Masterarbeit
Deep Dependency Analysis of Python Packages for Improved Software Reliability and Reproducibility
Research Area
Intelligent Information Management
Advisers
Dr. Sheeba Samuel
Description
Modern software systems heavily rely on third-party libraries, making dependency management a critical aspect of software reliability and security. In the Python ecosystem, package managers such as pip and repositories like PyPI enable easy integration of external libraries, but also introduce complex dependency chains that are often poorly understood. These dependencies may lead to issues such as version conflicts, hidden transitive dependencies, security vulnerabilities, and reproducibility challenges when environments change over time. The objective of this thesis is to conduct a deep analysis of Python package dependencies, focusing on understanding dependency structures, identifying common issues, and improving transparency in the software supply chain. The research will involve mining package metadata, analyzing dependency graphs, and studying version constraints and compatibility patterns across a large set of Python projects. AI techniques and static analysis may be used to detect anomalies, predict potential conflicts, or infer missing dependency constraints.
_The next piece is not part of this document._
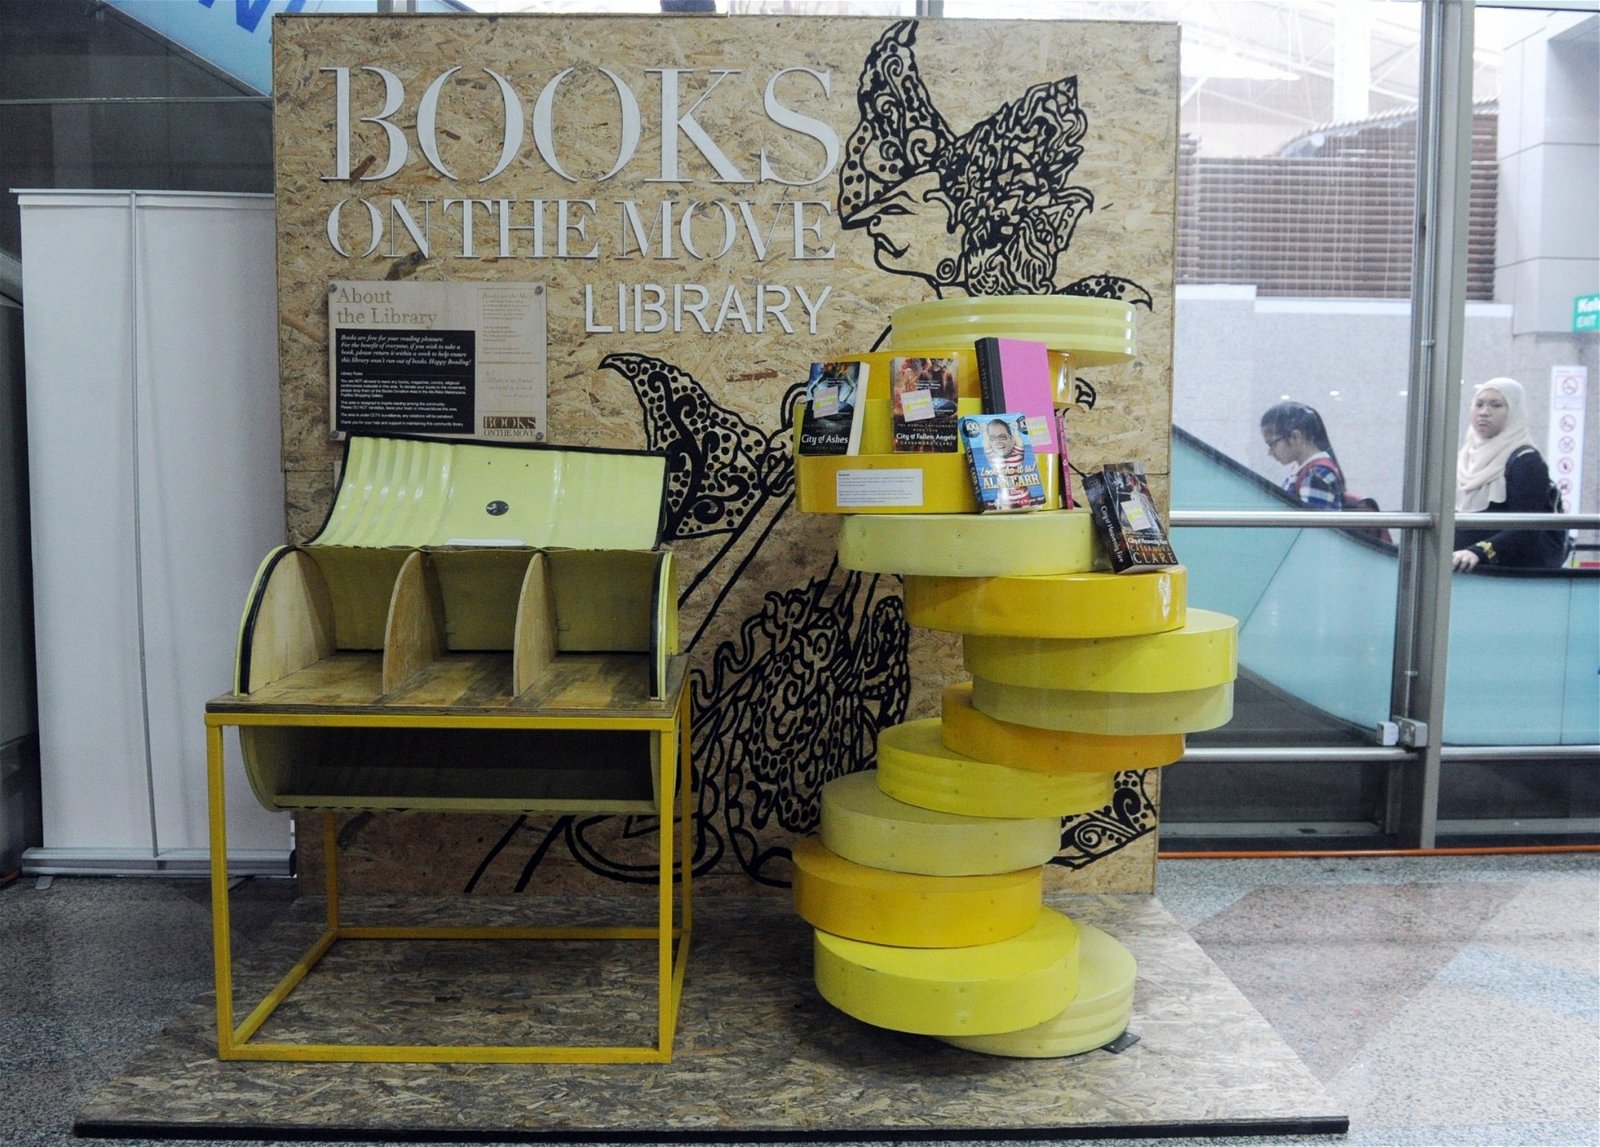 由于本地人对图书共享形式不熟悉，拿取书籍后并未归还，或一次性大量索取书本，导致图书馆的书架经常空置。图为吉隆坡中环交通综合总站的图书馆在星期五的空置状态。

The thesis can contribute by (1) developing methods to model and analyze complex dependency graphs, (2) identifying patterns of dependency-related issues such as conflicts or outdated packages, and (3) proposing approaches for improving dependency management practices. The outcome will be a prototype tool or framework that provides insights into dependency health, detects risks in dependency configurations, and supports developers in creating more stable, secure, and reproducible Python software systems.